# Powder from Kirkwood



## KIRKRIDER (Mar 18, 2008)

Weekend powder uploads...Enjoy.

Paolo Mi - YouTube


----------



## binarypie (Nov 29, 2009)

KIRKRIDER said:


> Weekend powder uploads...Enjoy.
> 
> Paolo Mi - YouTube


I wish my ankle was healed


----------



## KIRKRIDER (Mar 18, 2008)

Me too bro! How are you? 

Going again Sunday...but all the family wants to come along...:yahoo::dizzy:
contrasting emotions...I'll have to teach riding to my daughter and wait for my wife on planks, while at the same time not loose sight of my son jumping everything he can ride on.

Not more than few inches to look forward to...but enough for a fix...


----------



## binarypie (Nov 29, 2009)

I'll be up there but just milling around 7800 while the fiancee rides. 

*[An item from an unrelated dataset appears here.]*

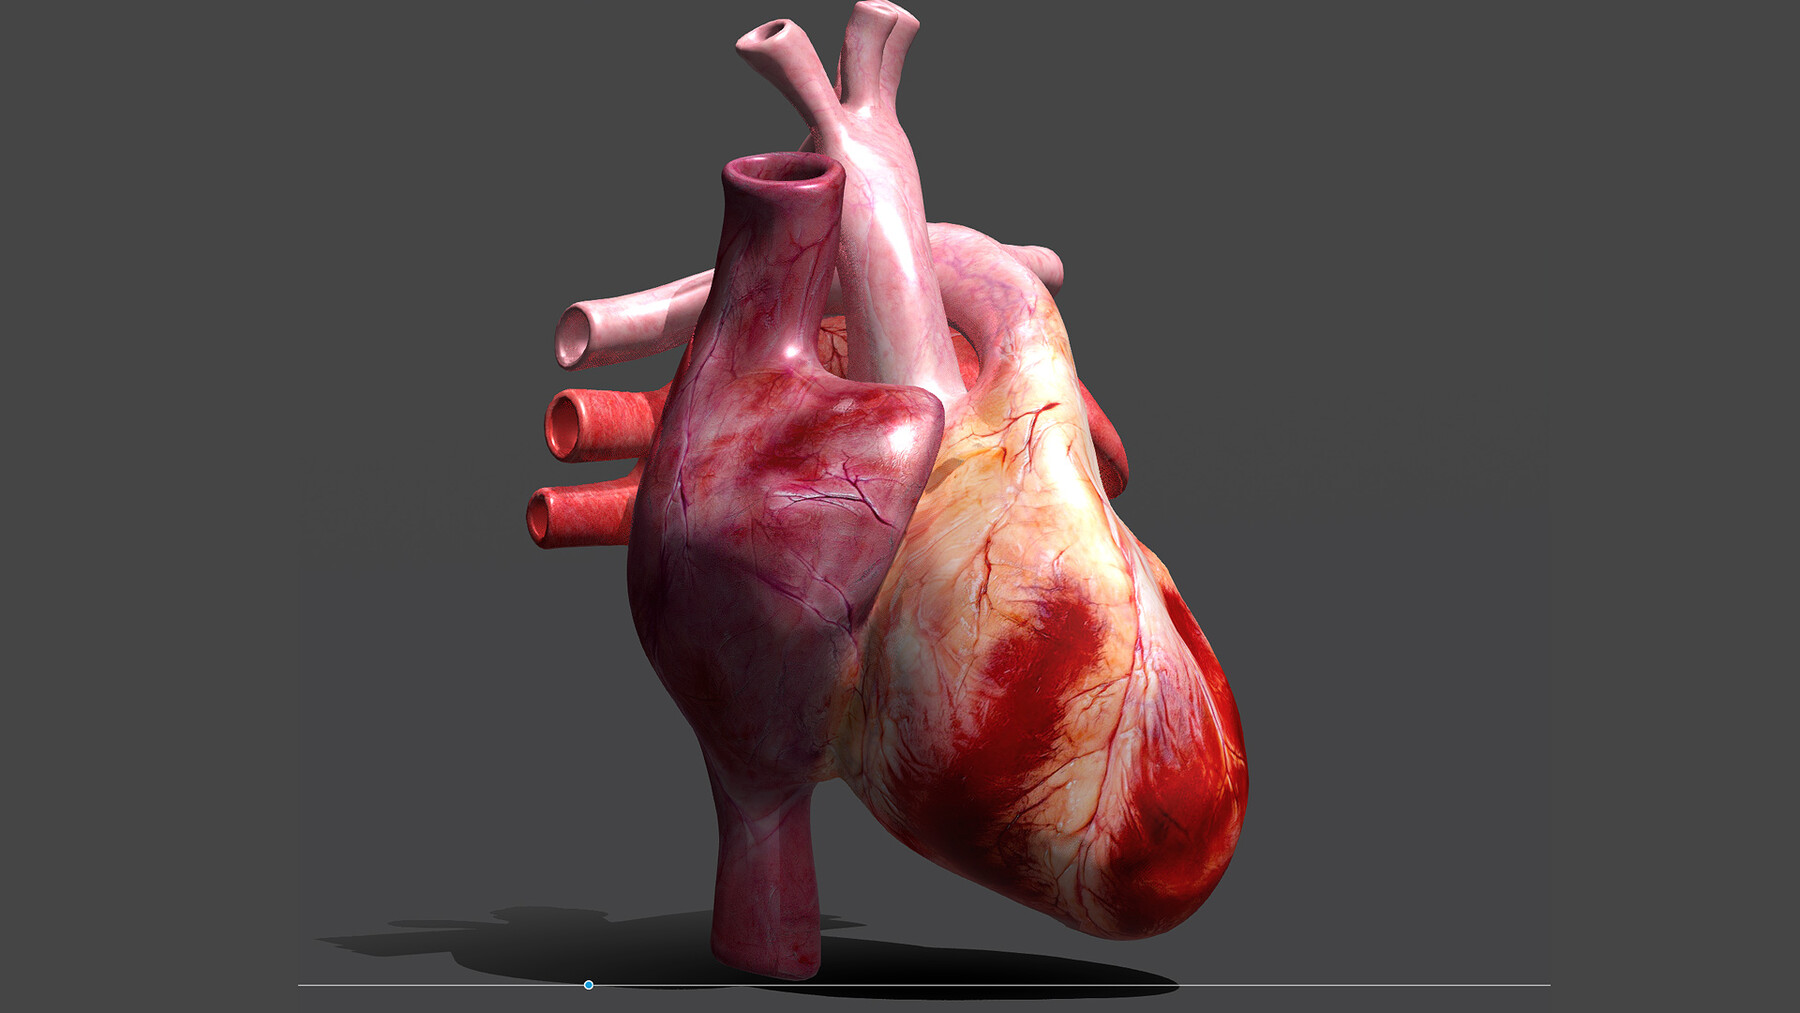 ArtStation - Heart Animation Human Body Anatomy | Game Assets
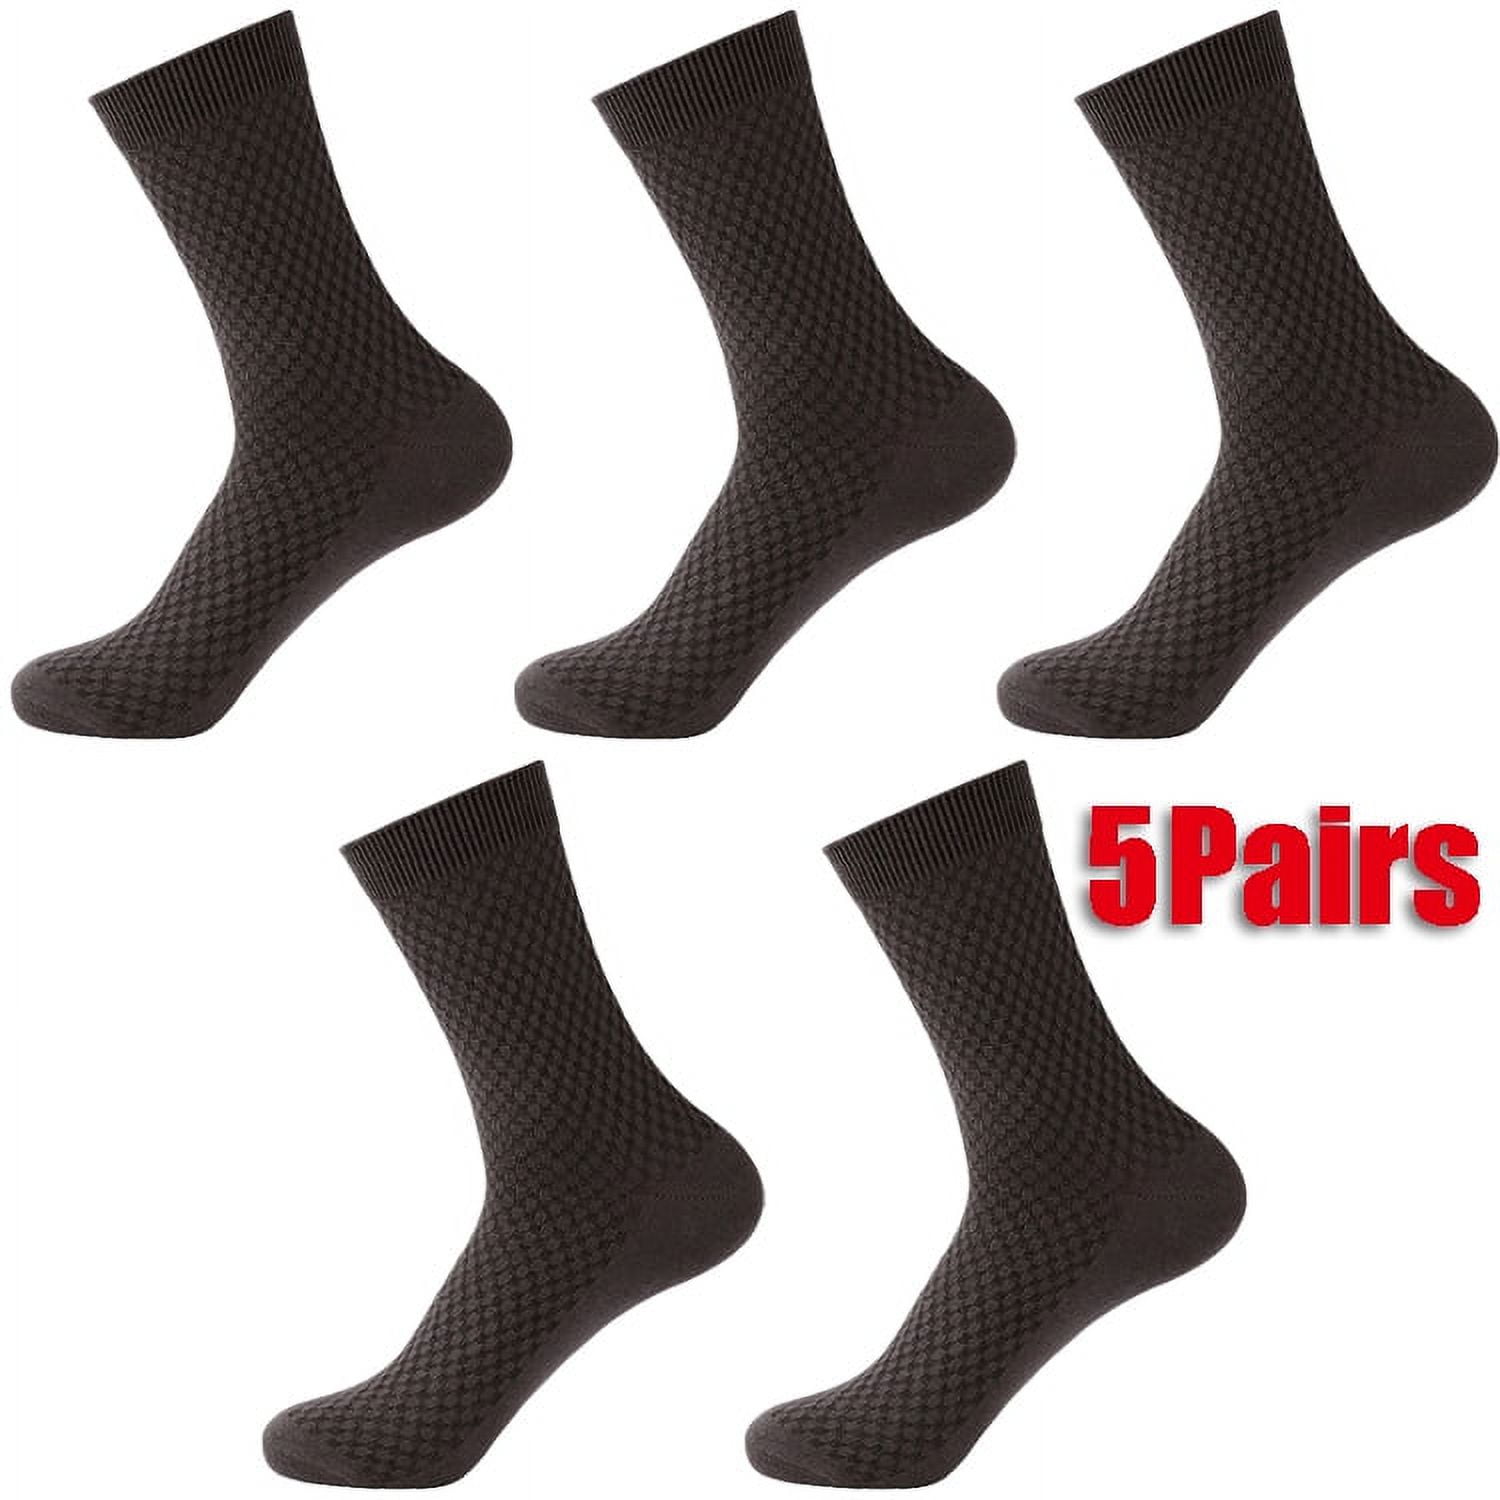 Happon Liner Socks Toe Socks No Show sponge cushion Women's Toeless Half  Socks for High Heels Sandals Sling back Relief Pain (1 nude+ 1 black

Should be riding next weekend though.


----------



## KIRKRIDER (Mar 18, 2008)

Little shot from sunday. Better than expected...4" of fluff over hardpack.


----------



## KIRKRIDER (Mar 18, 2008)

Houston...we have a small system passing over the bay now...finally some fresh. :yahoo:


----------



## Lemmon04 (Feb 9, 2013)

*Sick Powder!*

That looks like soooo much fun! I've never gotten to ride powder like that before. Someday.... someday.


----------